E3 Innate and Learned Behaviour Flashcards
Describe innate behaviour
- Develop independently of the environmental context
- Controlled by genes and inherited from parents
- Uniform throughout population
- Product of natural selection
- e.g. suckling instinct in newborns, hunting instinct in some dogs
Describe learned behaviour
- Develops as a result of experience
- Modified by trial and error
- Variation within population
- Capacity to learn may be innate (language in humans, learning period)

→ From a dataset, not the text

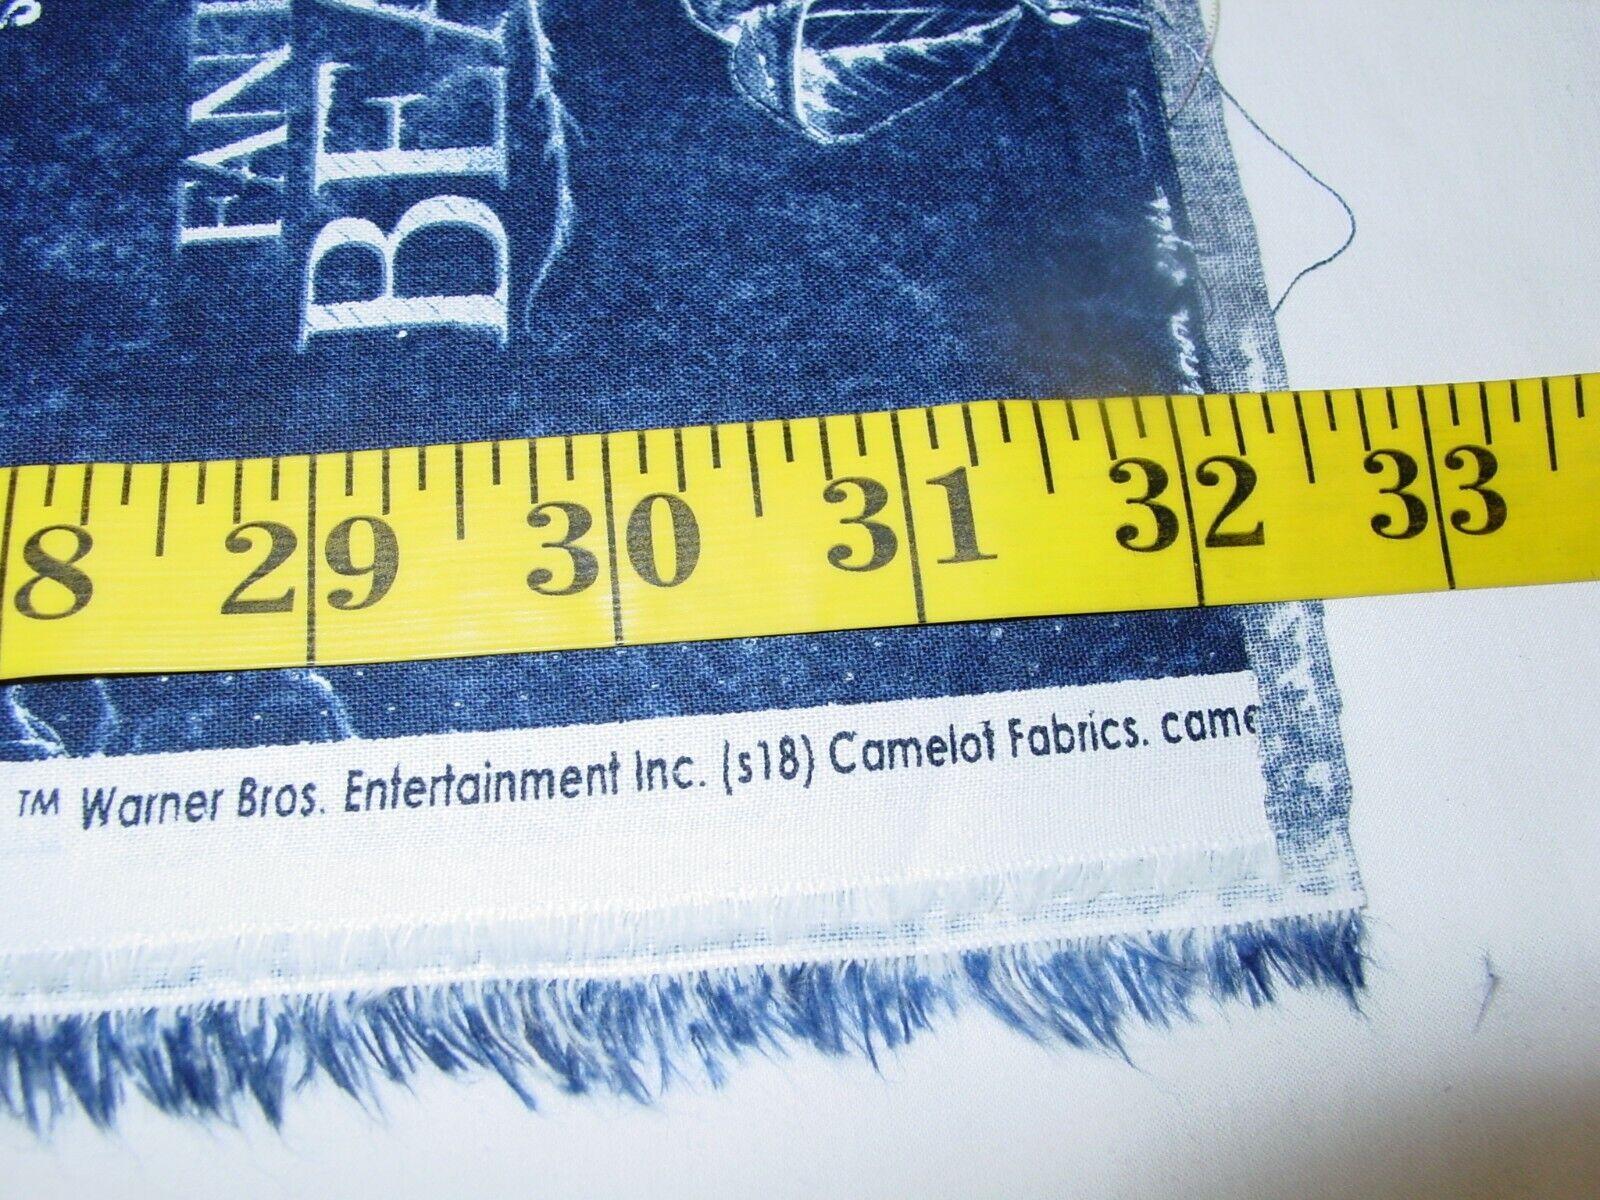 FANTASTIC BEAST BLUE 100 COTTON FABRIC REMNANT LENGTH 31 X WIDTH 43  - $10.50
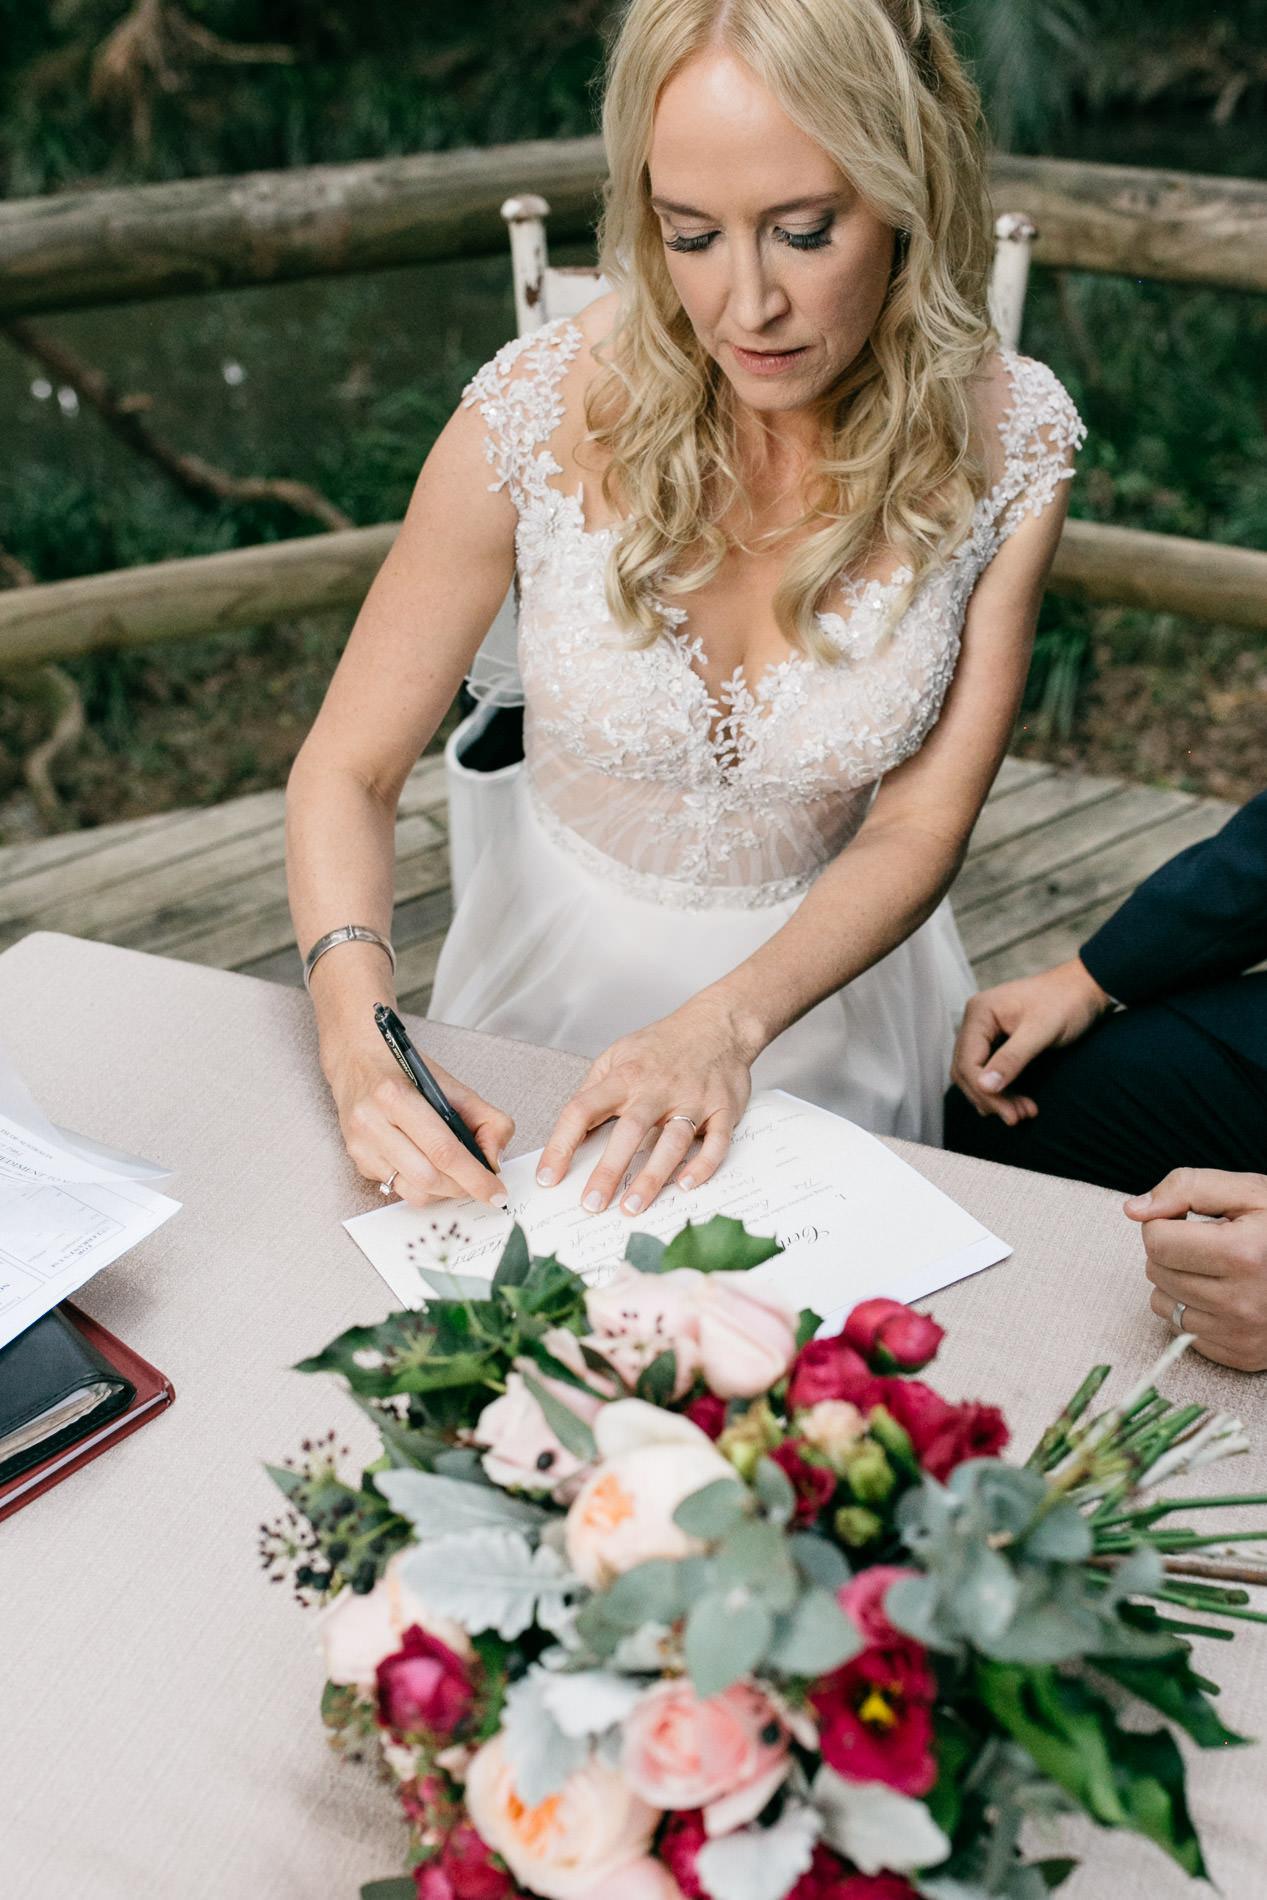 True North Photography_Boomerang Farm_Stacey and Isaac_Gold Coast Wedding_Barm Wedding_Hinterland Wedding-105.jpg

- e.g. dolphin learning to perform, learning to drive a car, domestication of animals
Define taxis
An innate directional response to a (directional) stimulus
Define kinesis
An innate non-directional response to a stimulus
Discuss how the process of learning can improve the chances of survival
Learning involves acquiring information from past experiences to adapt to new situations. Organisms capable of learning can modify their behaviours in response to environmental change in order to survive
• Animals learn how to avoid dangerous situations and predators
• Birds learn that scarecrows pose no actual threat, and so eat crops
• Animals can learn who their mother is and stay close to avoid predators
• Animals learn how to hunt and obtain food
Outline Pavlov’s experiment
- Dogs normally salivate (unconditioned response) in anticipation of being fed (unconditioned stimulus)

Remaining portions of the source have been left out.